First-Generation Students Shine at NJIT
Typically one-third of entering students responding to NJIT’s annual new-student survey have parents who did not attend college. Knowing that the pathway to and through higher education can prove especially transformative for first-generation students and their families, NJIT provides valuable support with a range of programs — including the Ronald E. McNair Post-baccalaureate Achievement Program, Educational Opportunity Program (EOP) and Center for Pre-College Programs (CPCP) — to help first-generation students realize their dream of a college education.
Recently, the university became a partner in Strive for College’s I’m First! national consortium of schools that nurture first-generation college students. As such, NJIT is one of 179 colleges and universities highlighted in the 2017 I’m First! Guide to College for their first-gen outreach efforts, financial aid opportunities and support services.
Indeed, NJIT’s rich history includes successfully educating talented students who are the first generation in their families to go to college. Armed with the resources they need to excel, these students are charting their career course and making a history of their own in the process.
Motivated by Mom
Nickeita Tomlinson, an electrical engineering major, overcame many barriers to become a first-generation college student, as well as a member of the NJIT community. She attributes her perseverance to her late mother, whom she says understood the importance of higher education.
“I think the only person that really knew what was expected of me was my mom,” said Tomlinson of her road to college. “My dad, he had no idea of the work you had to do, even in high school.”
Growing up in Jamaica, Tomlinson was a self-described quiet child who liked “pulling things apart to see what was in them, why they did what they did.” She took technology classes in high school, which further spurred her interest in how things work.
Unfortunately, after her mother died, tension grew between Tomlinson and her younger sister and their father, a manufacturer of video-game boxes for bars. He didn’t share her mother’s view of college and when Tomlinson expressed her desire to pursue university-level study, he asked that she leave the house. So in 2010, she moved to Hackensack, N.J., where she lived with her grandmother and uncle.

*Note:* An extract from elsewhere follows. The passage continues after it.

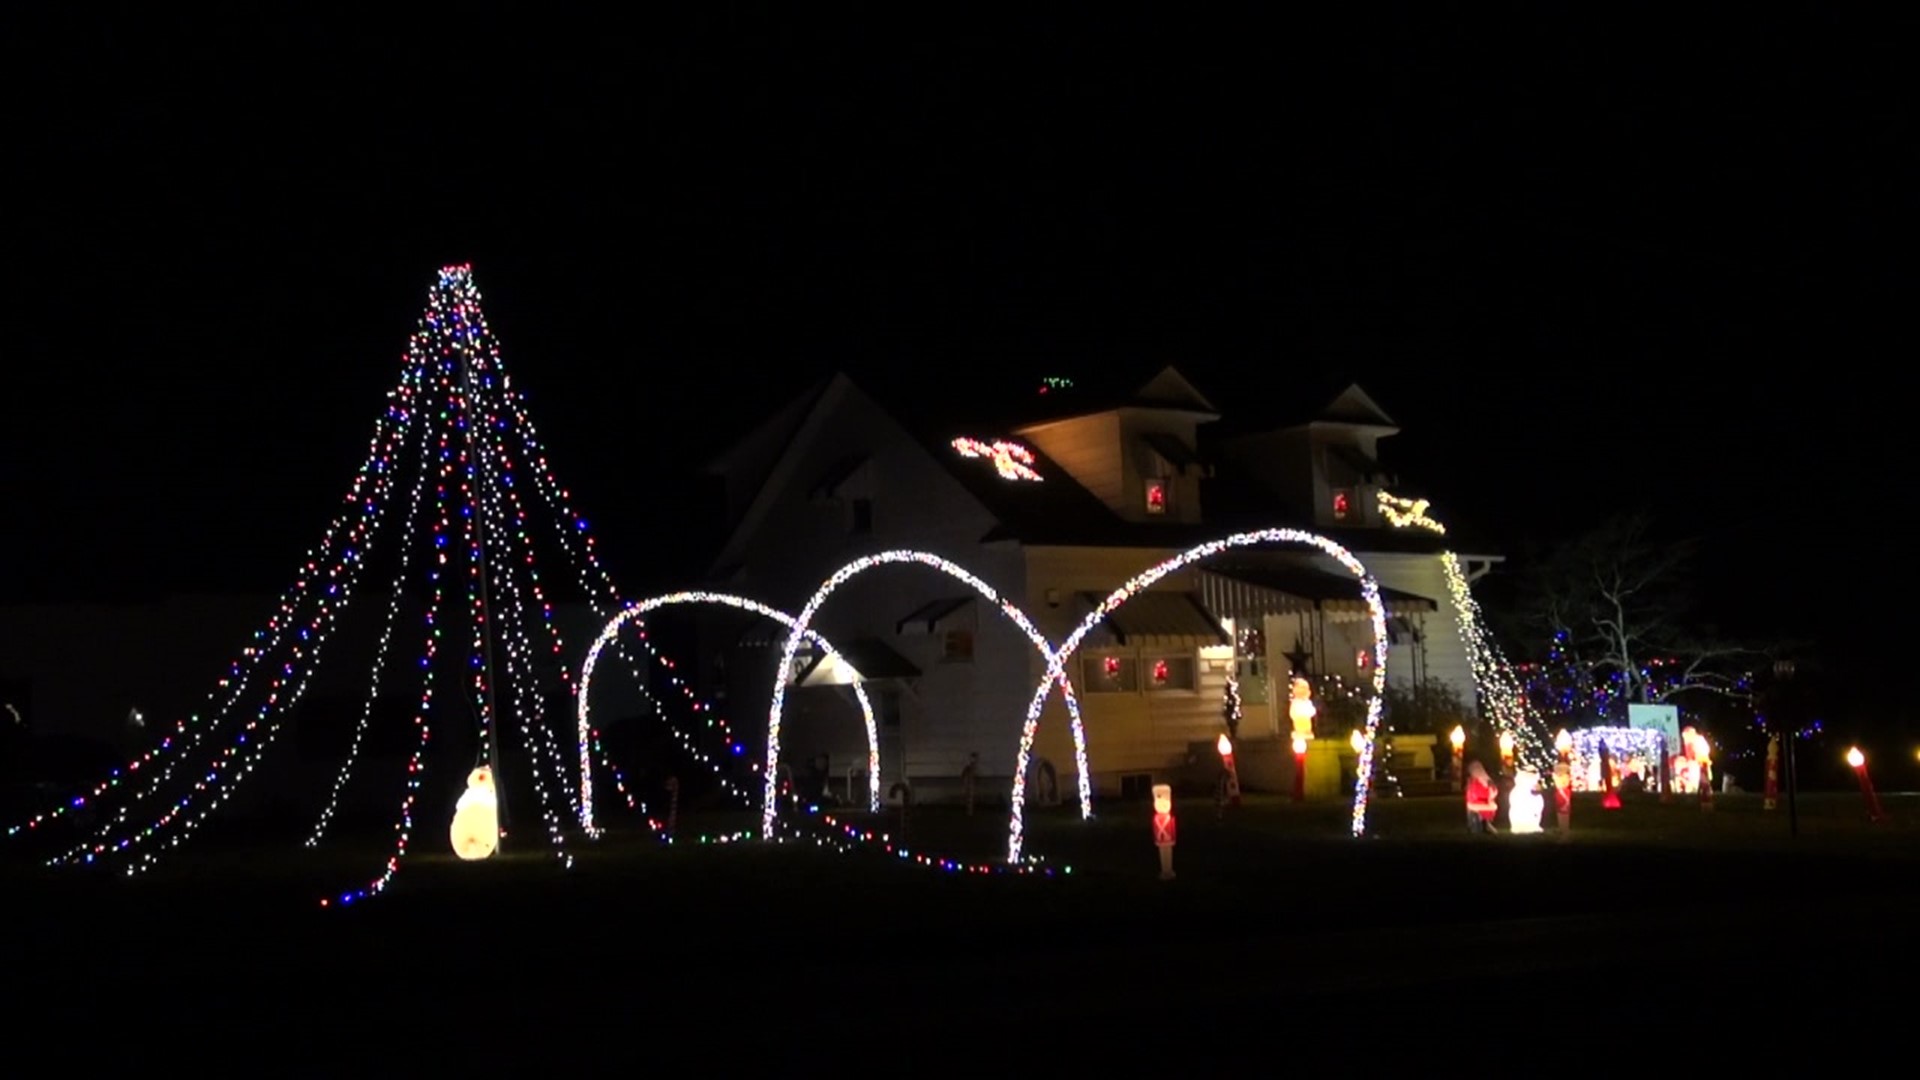 They help brighten this darkest week of the year—the glow of lights on home after home throughout our area.

Tomlinson still faced hurdles, however, after relocating. She enrolled at Bergen Community College, where she struggled to pay tuition without any monetary assistance from her family, and worked several jobs. “My first semester was worrying about the financial aid,” she remembered. “Then it was more like trying to figure out the approach to school versus work. Balancing it with having a job was a lot of trial and error.”
She ultimately earned an associate degree in science and mathematics and later started at NJIT in spring 2015; she will earn her bachelor’s next year and wants to find a job in the power industry. Since arriving at the university, Tomlinson has been busy. In addition to belonging to the NJIT chapters of IEEE and NSBE, she is president of the Oak Hall Council and works as a desk manager for Residence Life. She also has tutored students in CPCP’s Upward Bound program and completed two electrical engineering internships, one at Con Edison and the other at RCM Technologies.
As a first-gen student, Tomlinson received help from NJIT’s Student Support Services Program. She aims to be a role model for and pass on the wisdom she’s gained to her sister, who came to the U.S. this past November. Most of all, she looks to build on the investment her mother made in her earlier education and make her mark as a woman in STEM.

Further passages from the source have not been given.